JPMorgan Warns of Potential 10% Correction in S&P 500, Citing Lack of Defensive Positioning

Stock News
03/09

Rising geopolitical tensions are rapidly fueling risk aversion across global financial markets. On March 9, JPMorgan Chase’s trading division issued a fresh market alert, suggesting that U.S. equity traders are ill-prepared for a potential pullback in the S&P 500. The bank warned that escalating conflicts in the Middle East have disrupted energy supply chains, creating conditions for a near-term “tactical correction” of up to 10% in the index.

As tensions in the Middle East intensify, global crude oil supply systems face severe strain, with international oil prices recently surpassing $100 per barrel. Andrew Tyler, Global Head of Market Intelligence at JPMorgan, noted in the report that a sharp spike in oil prices could not only boost inflation expectations but also revive concerns about “stagflation,” directly weighing on equity valuations. Tyler projected that if the situation remains uncontrolled, the S&P 500 could retreat from recent highs to around 6,270, reflecting a repricing of war-related risk premiums.

Market participants’ positioning is also amplifying potential volatility. According to JPMorgan’s data monitoring, despite repeated geopolitical shocks, most investors maintain neutral risk exposure, with the broader market lacking sufficient hedging protection. Tyler wrote that investors are not positioned for a downturn, stating, “Current positioning is neutral, with no signs of extreme de-risking.” He added that energy stocks experienced net selling last week as traders “anticipated a de-escalation.” This lack of preparedness suggests that any further escalation in conflict could trigger liquidity stress driven by panic selling.

Although AI-driven capital expenditure and corporate fundamentals remain robust, geopolitical risks are currently dominating short-term market sentiment, overshadowing macroeconomic narratives. Over the weekend, several Gulf nations announced cuts in oil production, raising concerns about persistent supply disruptions and stagflation risks, even as oil prices surged above $100 per barrel.

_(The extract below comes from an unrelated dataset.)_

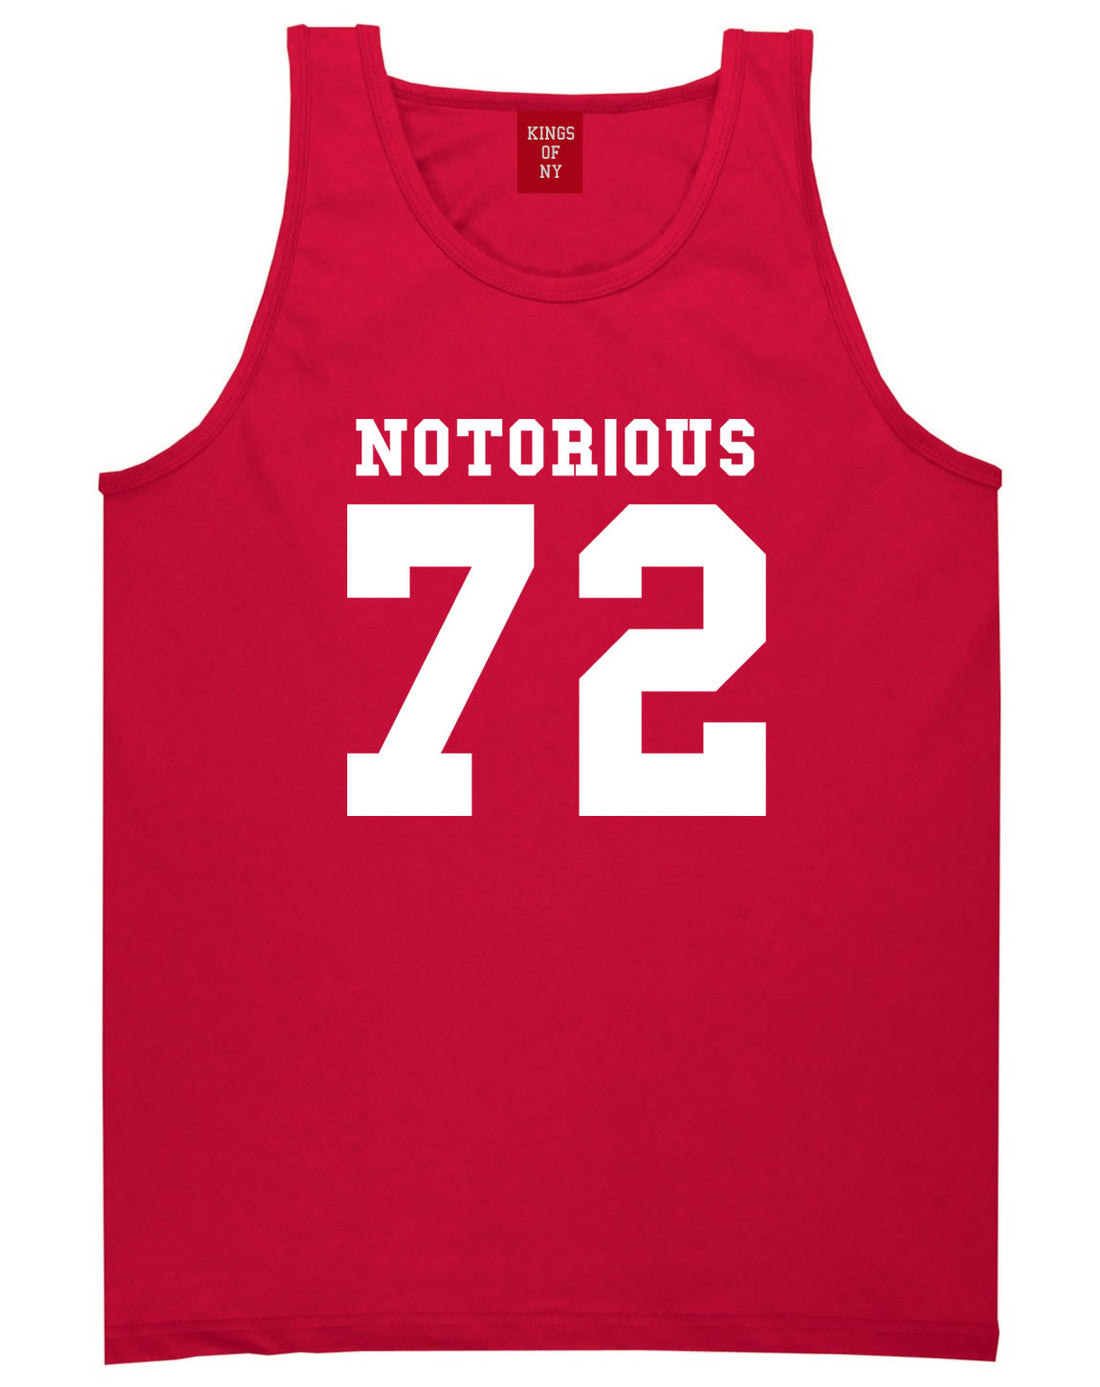 Notorious 72 Team Tank Top in Red by Kings Of NY

Looking ahead, JPMorgan views the current bearish sentiment as “tactical” in nature rather than signaling the end of the long-term bull market. The bank’s strategy team emphasized that equity performance will heavily depend on developments in the Middle East and the subsequent trajectory of oil prices. Tyler noted, “Once a clear exit path from the conflict emerges, the current tactical focus on supply shocks will fade—since underlying macroeconomic fundamentals continue to support risk assets.”